Be careful when you are around animals in order to avoid bites and contact that can spread rabies. This is the simplest way to prevent rabies. Here are a few tips to follow:
- Never touch a live or dead bat.
- Do not touch a dead or sick animal with your bare hands. If you do it accidentally, wash your hands with soap immediately.
- Avoid approaching, touching, petting or feeding strange, stray or wild animals, even if they appear harmless.
- Teach children about safe behaviours around animals and never leave young children unsupervised with an animal.
- Never let your pets roam free, and prevent them from having contact with wild or stray animals.
- Keep dogs on a leash, or tied up in a place away from wild animalsIf you see stray animals, inform your municipality quickly.
- If an animal bites your pet, contact a veterinarian quickly. Avoid touching your pet, and wear gloves to protect yourself. The fresh saliva of the animal that did the biting could actually be on your pet’s fur or wound.
- Prevent raccoons, skunks and bats from coming around your home and your pet shelters. You can block access to buildings and garbage cans, for instance. To learn more, go to the page Deterrents .
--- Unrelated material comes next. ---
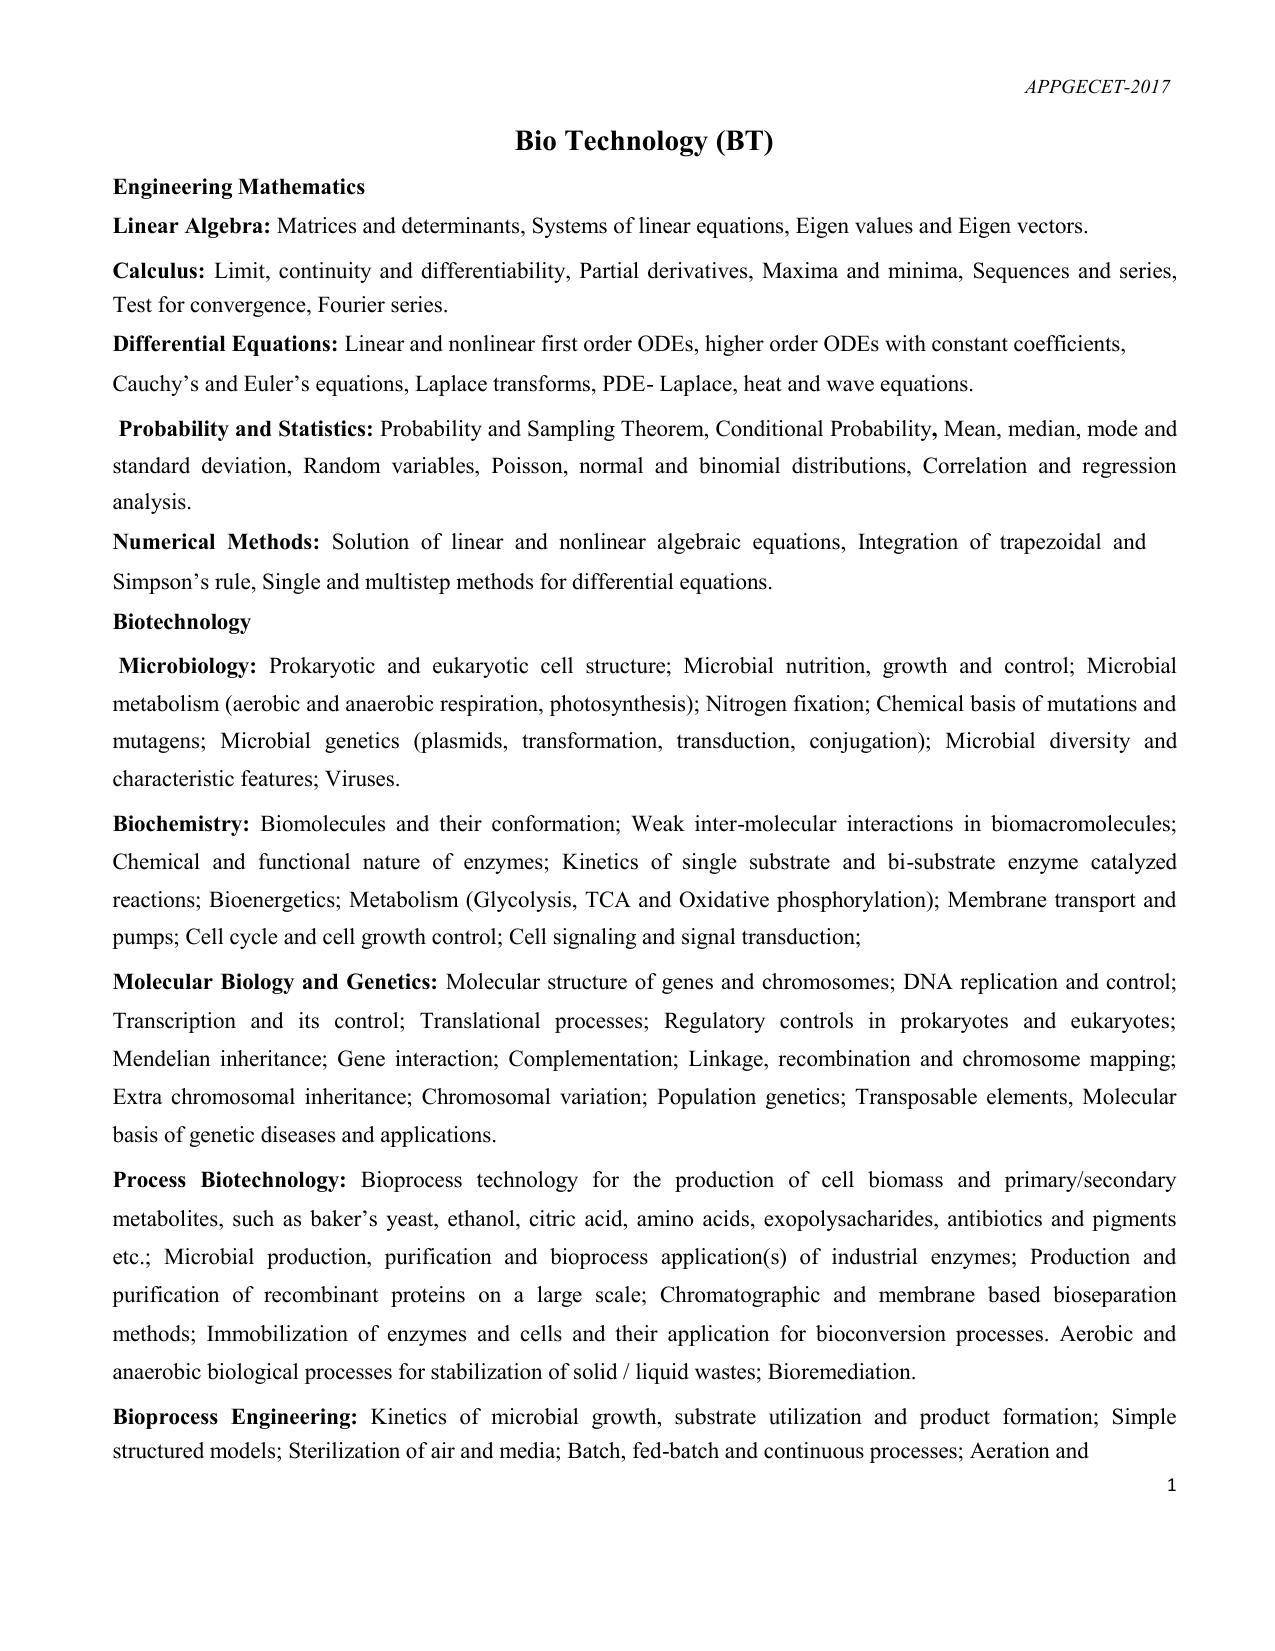 Bio Technology - Sche.ap.gov.in on gene drawing, gene testing, gene editing, gene concept map, gene technology, gene science, gene biology, gene identification, gene cloning, gene linkage,
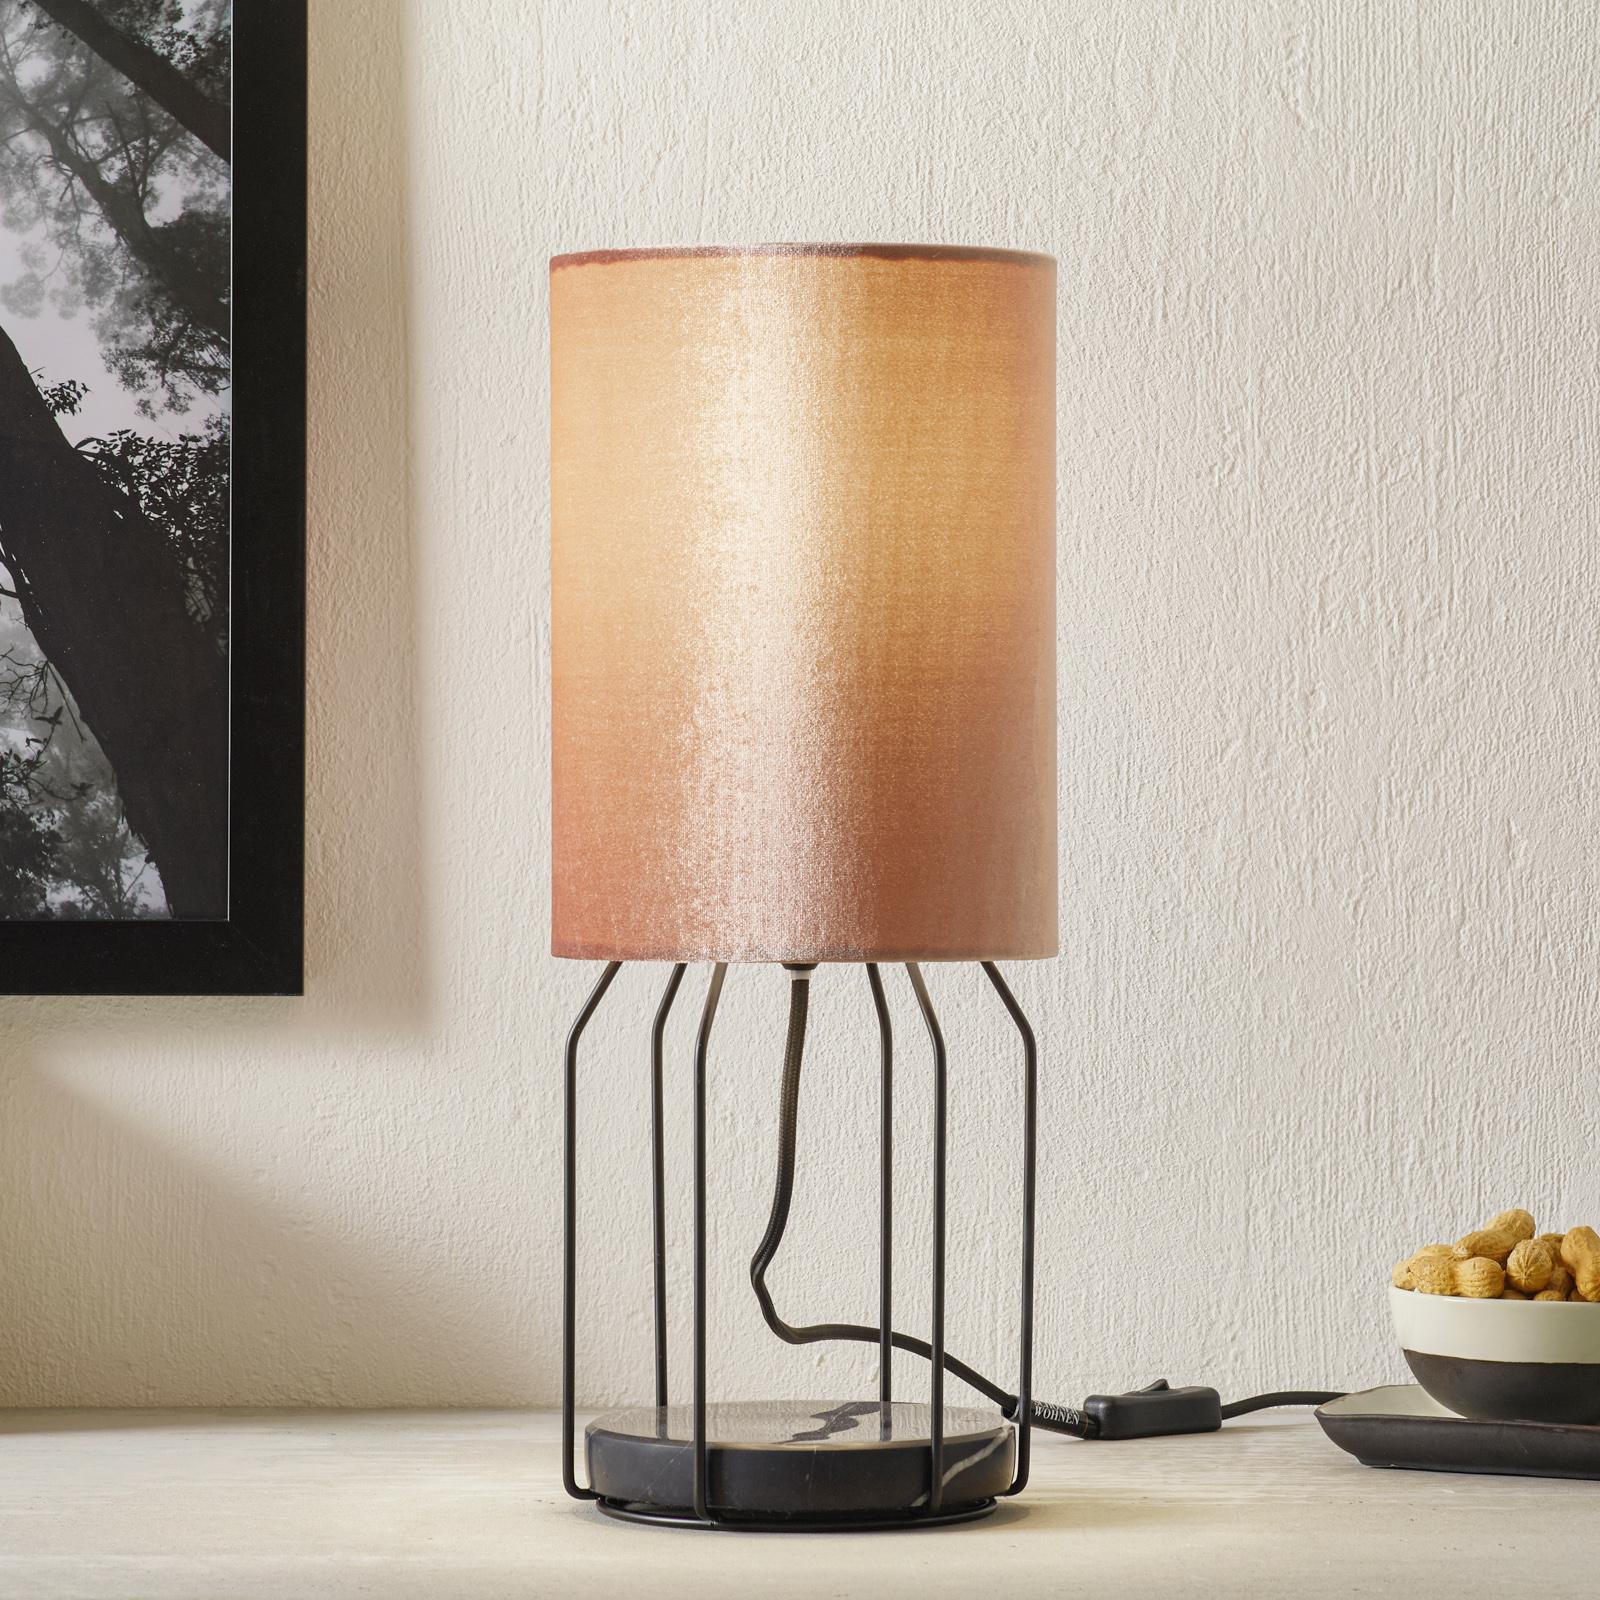 Schöner Wohnen Grace lampe à poser rosée

- Do not care for or adopt orphaned wild animals, even if they seem harmless. In addition to being illegal, adopting wild animals puts you at risk for various diseases.
If you own a pet, such as a cat or a dog, it is strongly recommended that you have them vaccinated against rabies, starting at 3 months of age, whether or not they go outdoors. Vaccination gives pets full protection against rabies and reduces the risk of the virus spreading between animals and from animals to humans.
Vaccinating farm animals
If you own farm animals such as cows, pigs, sheep or horses, talk to a veterinarian to find out if you should have them vaccinated against rabies.
Reporting a suspicious wild animal
Do not hesitate to report suspicious wild animals such as raccoons, skunks and foxes. Do so even if you have not been in contact with these animals.
To find out what situations you should report and how to do so, go to the page Report a sick or a dead raccoon, skunk or fox .
Go to the page Raccoon rabies surveillance and control operations to find out what the government is doing to keep Québec free of this variant of rabies.
There is no cure for rabies after the onset of symptoms. As soon as symptoms appear, death is inevitable and generally happens within 14 days. You must therefore act quickly to prevent the onset of symptoms after being bitten, scratched or coming into contact with the saliva of a potentially infected animal.
Particular requirements to report rabies
In Québec, rabies is a reportable disease. Laboratory workers and doctors who discover a case of rabies are required to inform public health officials.
Veterinarians must report all suspected cases of rabies in domestic animals to the MAPAQ and those in wild animals to the ministère de l’Environnement, de la Lutte contre les changements climatiques, de la Faune et des Parcs.